- Origin: Red Bank, New Jersey, U.S.
- Genres: Death metal; thrash metal;
- Years active: 1987–1995
- Labels: Kraze/Maze America Under One Flag
- Past members: Scott Ruth Shaune Kelley Dave Bizzigotti Brandon Thomas Scott Hornick Erik Rutan

= Ripping Corpse =

American death metal band

Ripping Corpse was a death metal band formed in 1987 in Red Bank, New Jersey by singer Scott Ruth, guitarist Shaune Kelley, and drummer Brandon Thomas.
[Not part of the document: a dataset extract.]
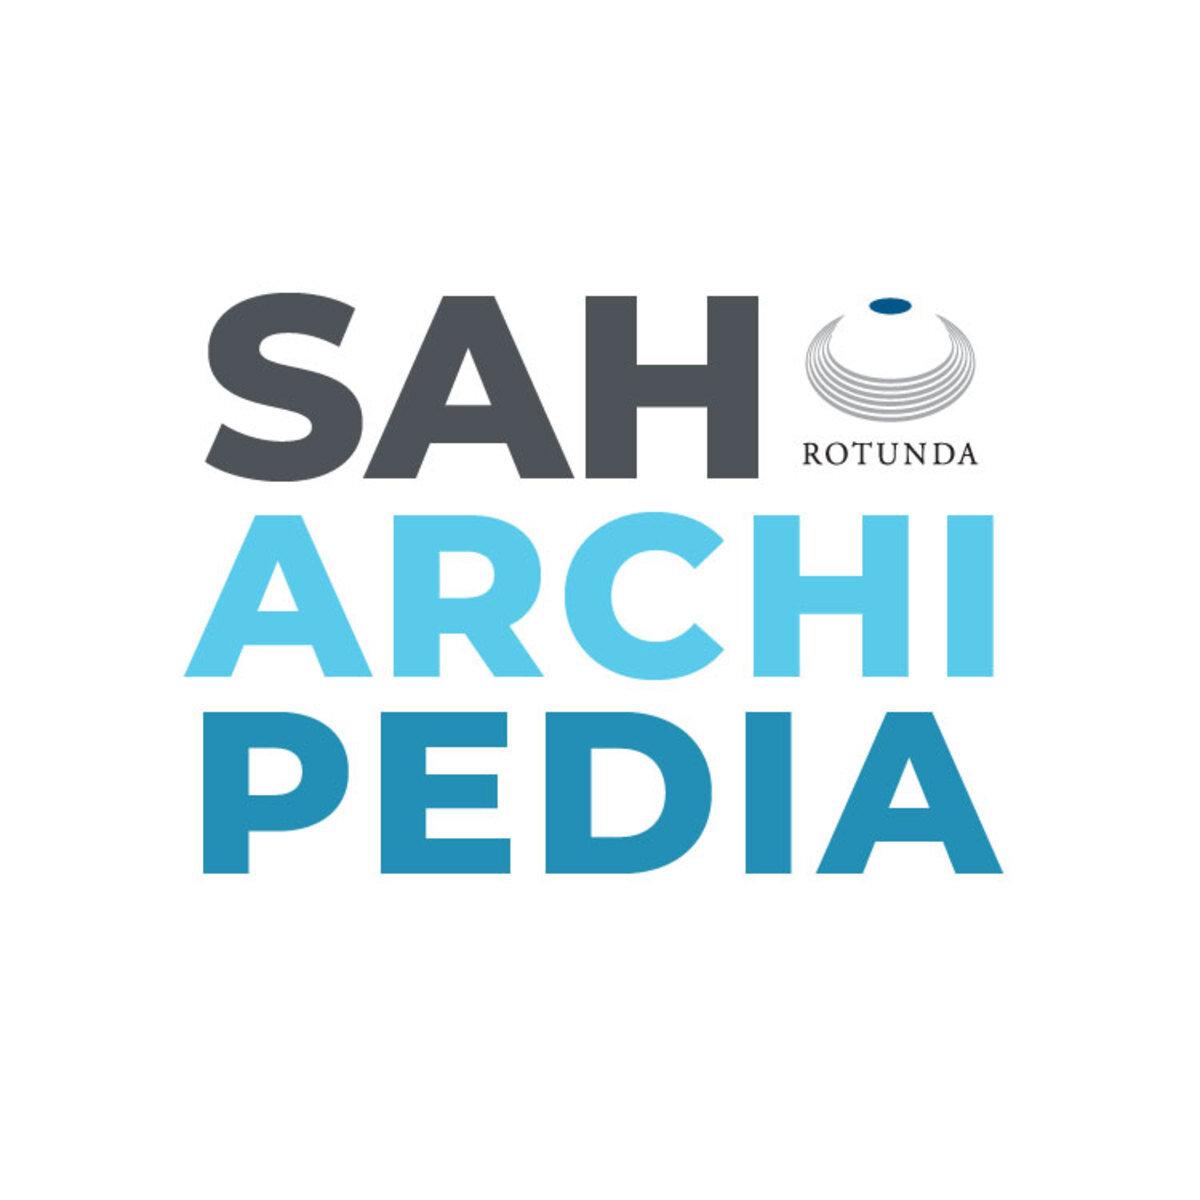 saharchipedia_small.jpg

They recorded the demos Death Warmed Over in 1987, Splattered Remains in 1988, and Glorious Depravity in 1990, and one full-length studio album, Dreaming with the Dead in 1991.

==History==
Ripping Corpse released the album Dreaming with the Dead (1991), and three demos. Members included singer Scott Ruth, guitarist Shaune Kelley, and drummer Brandon Thomas. They added future Morbid Angel guitarist Erik Rutan, who went on to form Hate Eternal. They also added Scott Hornick.

Rutan left Ripping Corpse to join Morbid Angel around 1993, and recorded Domination. Later that year, Hornick left the band to attend Boston's Berklee College of Music in Massachusetts. The remaining members split-up and later formed Dim Mak.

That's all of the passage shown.